Data block:
========
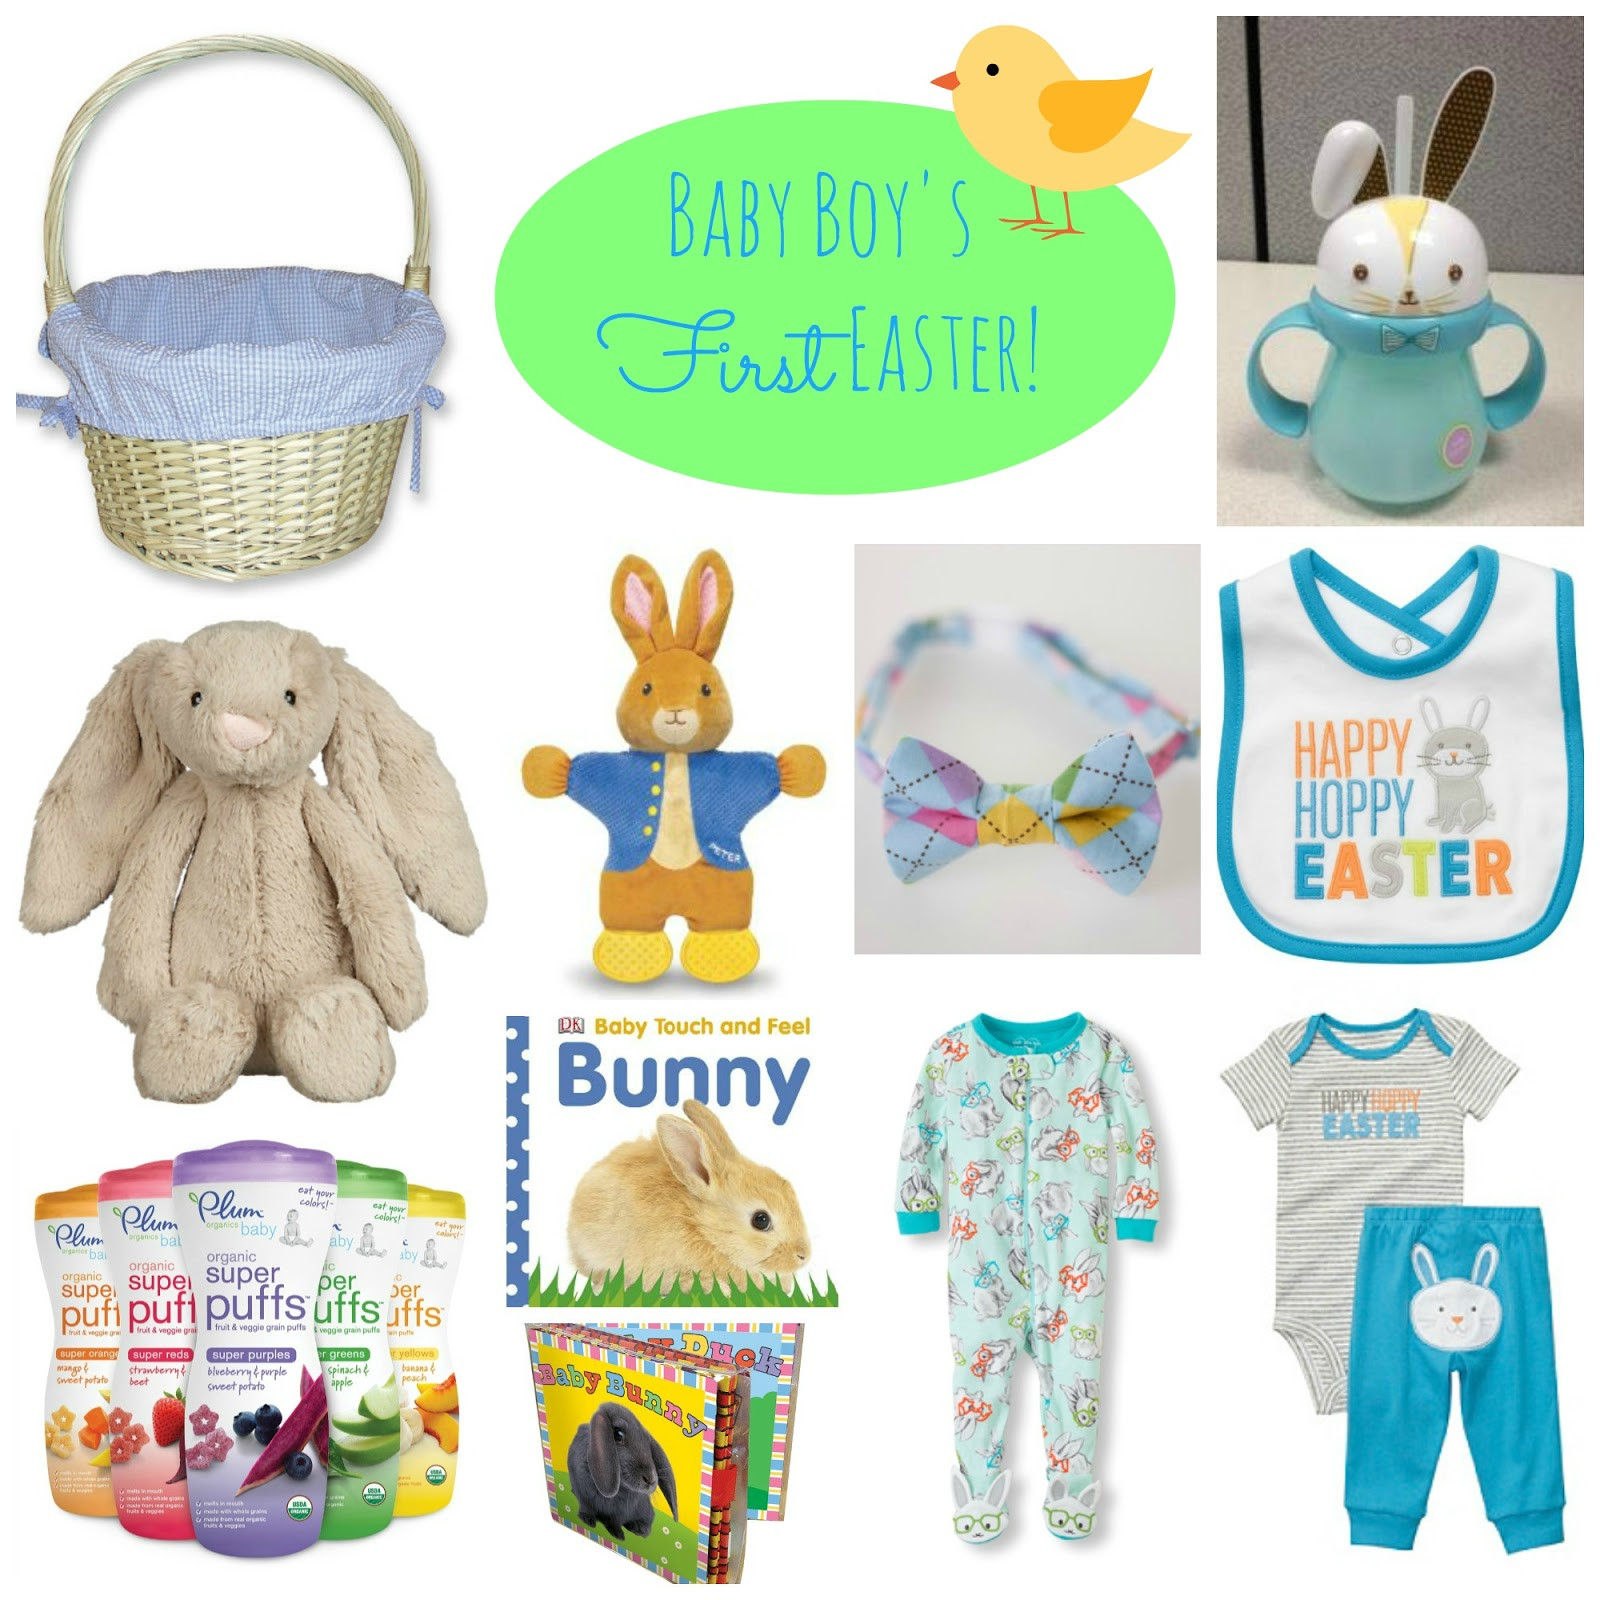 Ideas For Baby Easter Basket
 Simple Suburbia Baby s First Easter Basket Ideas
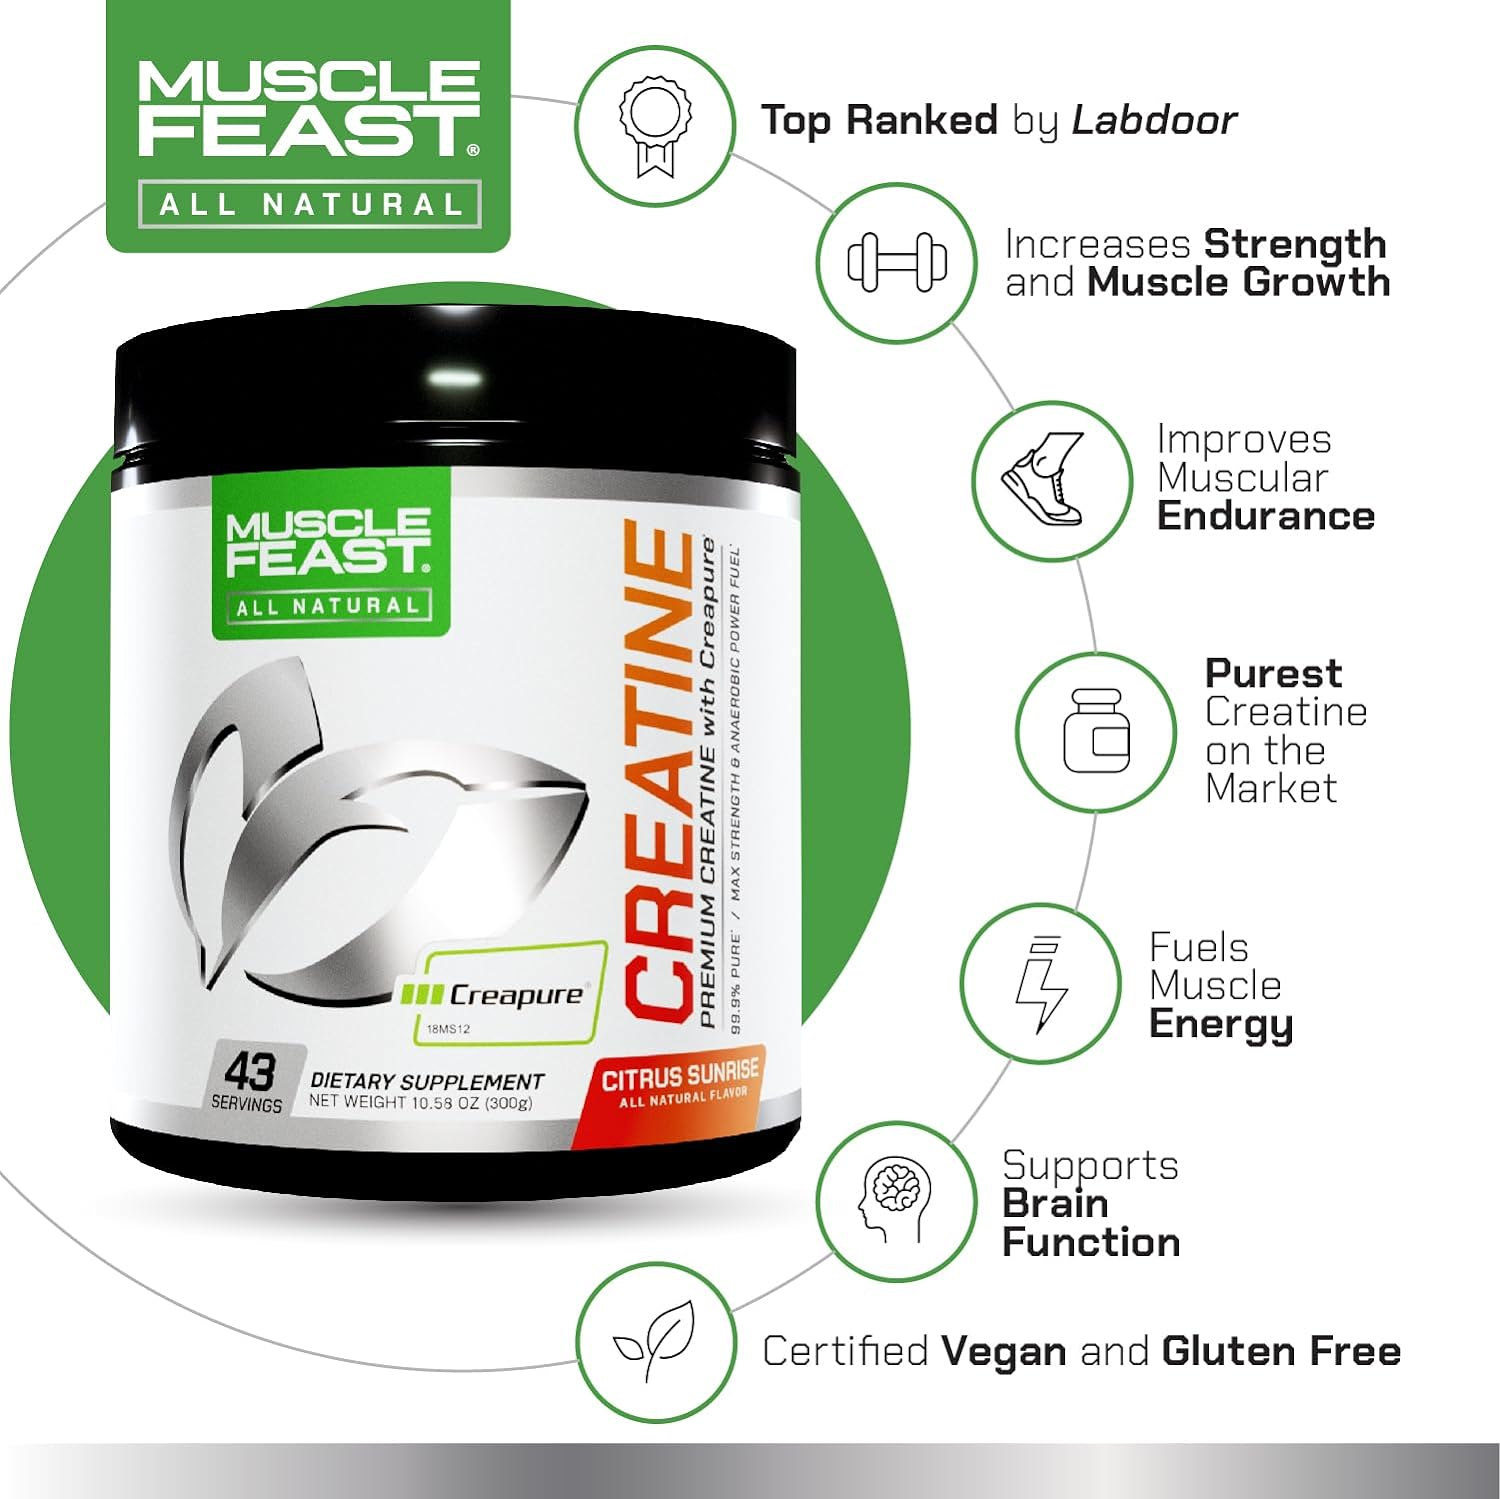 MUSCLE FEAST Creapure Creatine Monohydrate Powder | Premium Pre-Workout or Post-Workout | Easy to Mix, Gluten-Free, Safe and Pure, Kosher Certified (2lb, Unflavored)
========
Your task: Excluding pictures, reproduce the listing above exactly as it stands.

Response area:
 Ideas For Baby Easter Basket
 Simple Suburbia Baby s First Easter Basket Ideas
 MUSCLE FEAST Creapure Creatine Monohydrate Powder | Premium Pre-Workout or Post-Workout | Easy to Mix, Gluten-Free, Safe and Pure, Kosher Certified (2lb, Unflavored)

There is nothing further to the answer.